In concluding that plaintiff has not proved his claim, the Court by no means intends to condone the conduct of West, Georgine, or any of the other high-ranking ULLICO officials who played a prominent role in the company’s well-documented troubles in recent years. That the misconduct on the part of those officials has spawned significant litigation, internal corporate reforms, and investigations by both houses of Congress speaks to the seriousness of the issues raised and the need for accountability. Plaintiffs attempt to seek such accountability on behalf of the Plan is therefore understandable, and the Court takes no pleasure in reaching the conclusion that it does today. But plaintiffs potentially laudable objectives and West’s status as an unsympathetic defendant do not alter plaintiffs burden of establishing each element of his claim by a preponderance of the evidence.

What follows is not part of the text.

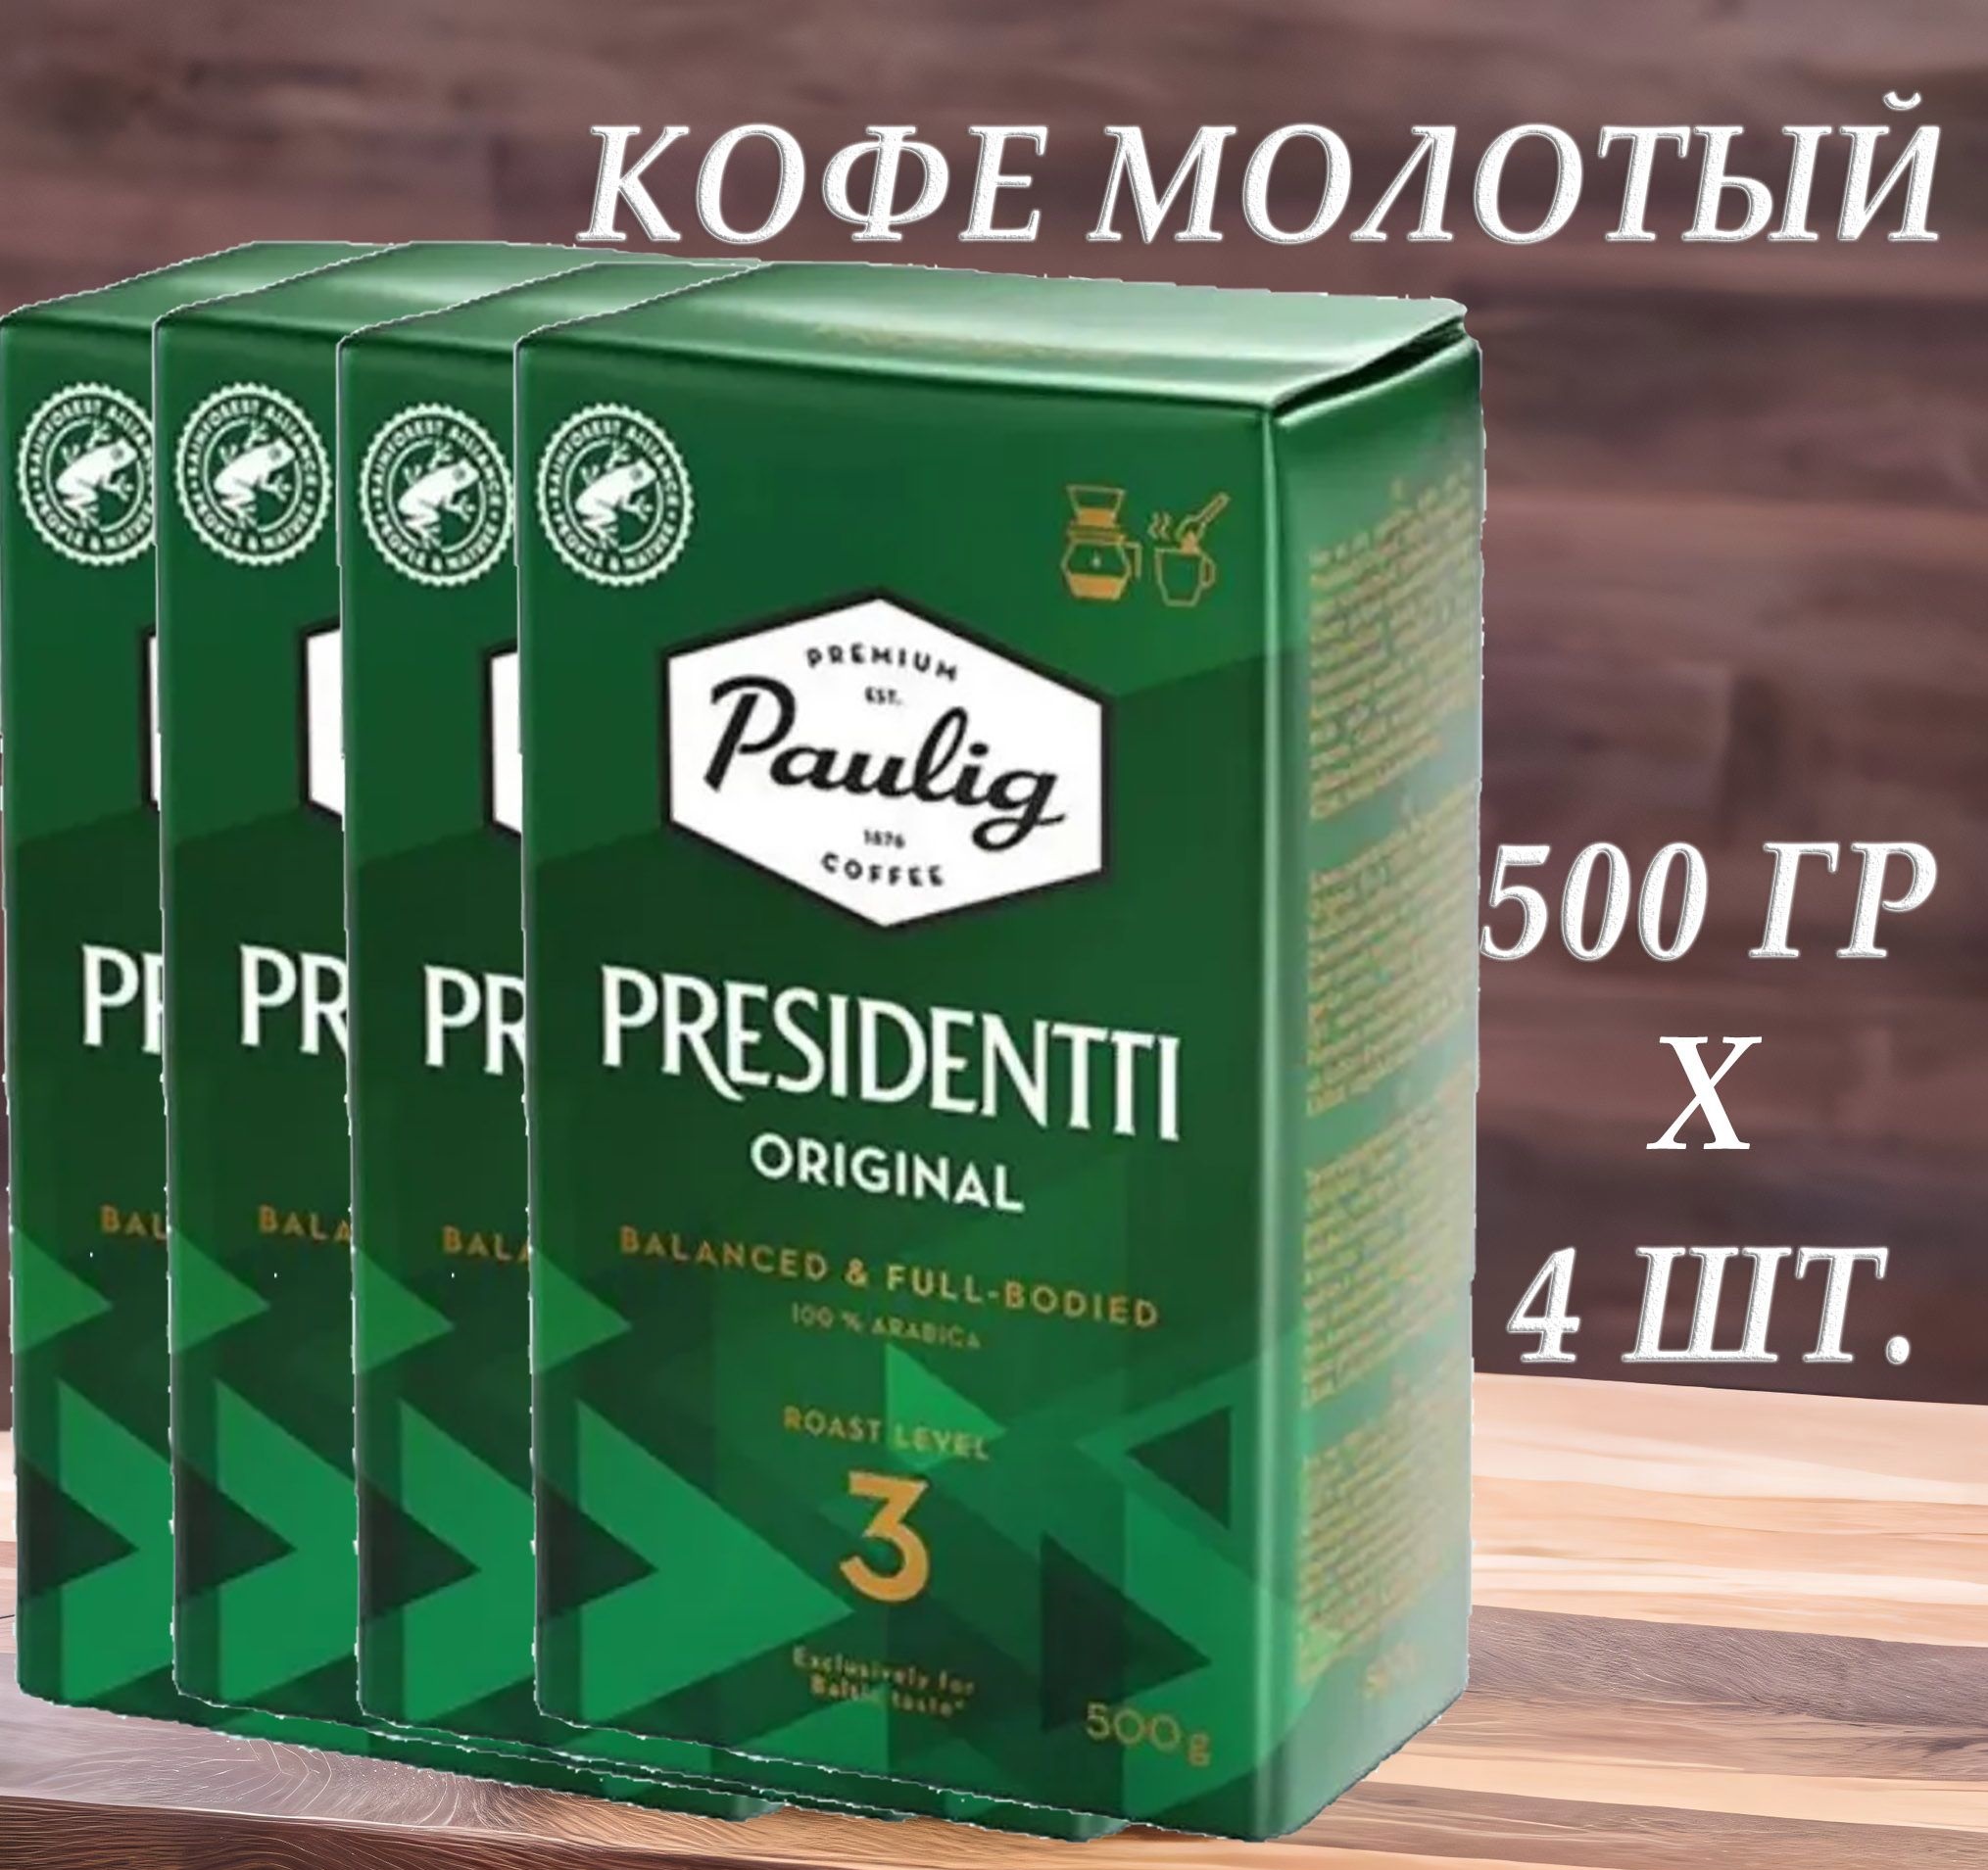 Кофе молотый Paulig Presidentti Original 3, 500 г х 4 шт
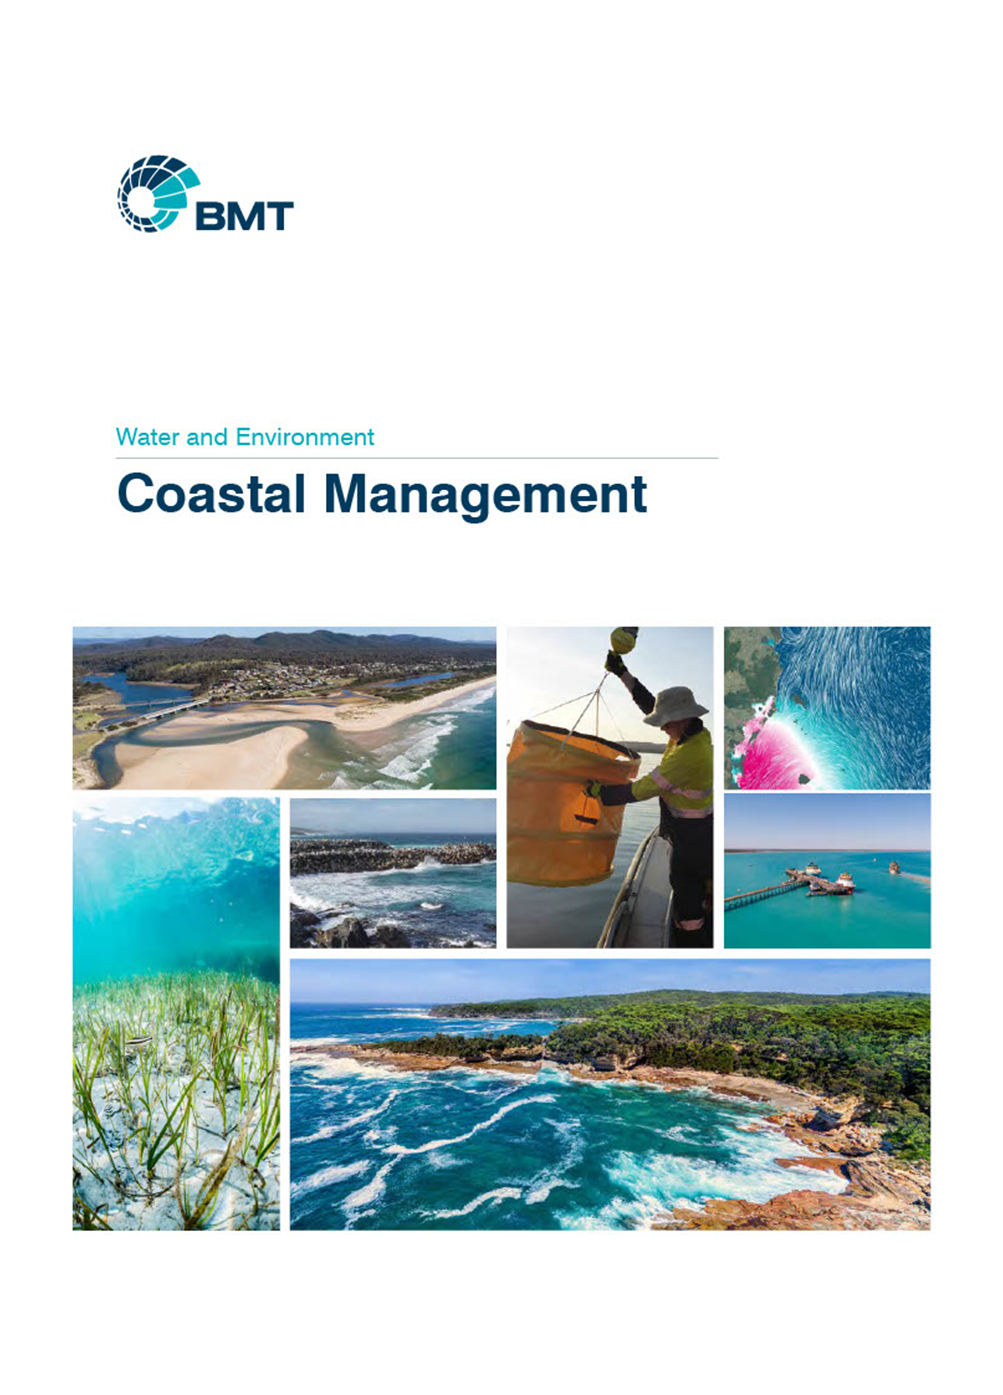 BMT's coastal management services

Because plaintiff has not met that burden here, judgment on Counts III and IV of the Second Amended Complaint must be entered in favor of defendant West. Judgment will be entered concurrently herewith on a separate document pursuant to Rule 58(a) of the Federal Rules of Civil Procedure. 
      
      . For ease of reference, the parties’ Proposed Findings of Fact and Conclusions of Law will be cited as "Pl.’s Prop.” and “Def.’s Prop.” Most of the citations will be to the trial transcript ("Trial Tr.”) and the exhibits received into evidence (“PL’s Exh.” and "Def.’s Exh.”). At trial, the Court heard testimony from the following individuals: plaintiff Paddy Barry; Arnold & Porter attorneys Richard Baltz and Carey Smith; Damon Silvers, counsel to UL-LICO’s Chairman of the Board; Alfred H. Higgs, Jr., administrator of the LU & DC Plan; Terence Collins, Vice Chairman of Columbia Partners; Marcelle Benjamin, Assistant Corporate Secretary and custodian of records at ULLICO; and Joseph A. Carabillo, former Chief Legal Counsel at ULLICO.
     
      
      . In citing to the 2007 deposition of Jacob West, the Court recognizes defense counsel’s understandable concern with Mr. West’s competency to provide testimony at that time. Trial Tr. at 109:14-16. Having viewed the videotape of the deposition, the Court is well aware, and states here for the record, that West appeared sickly and was often confused. The Court will therefore rely on West’s 2007 deposition testimony only to the extent that it is corroborated, as here, by his 2004 deposition testimony or other evidence in the record.
     
      
      . The Court concluded in Barry I, and reaffirmed in Barry II, that West owed a fiduciary duty to the LU & DC Plan despite having recused himself from investment decisions regarding ULLICO. See 2006 WL 2507557, at *4, 404 F.Supp.2d at 153-54. That conclusion is the law of the case and will not be revisited here.
     
      
      . To the extent that plaintiff means to argue that the Plan would have threatened legal action once the details of the discretionary repurchase program came to its attention, any such argument is again far too speculative to prove loss or causation. The Court would have to infer that, upon learning about the program, representatives of the Plan would have approached ULLICO officials, threatened a lawsuit, proffered a factual basis for that lawsuit, and that ULLICO would have agreed to settle the potential suit. None of these inferences is fairly supported by the record evidence.
     
      
      . Defendant is correct that plaintiffs alternative request for disgorgement of any profits realized by West when ULLICO repurchased his shares, advanced only in a footnote in plaintiffs post-trial brief, Pl.'s Prop, at 47 n. 14, is foreclosed by the Court’s prior ruling that West did not earn a profit through the use of ERISA plan assets. Def.’s Prop, at 38 ¶ 39 (citing Barry I, 404 F.Supp.2d at 152-53; Dkt. #68 (Mem. Op. of 3/11/2004) at 7-10).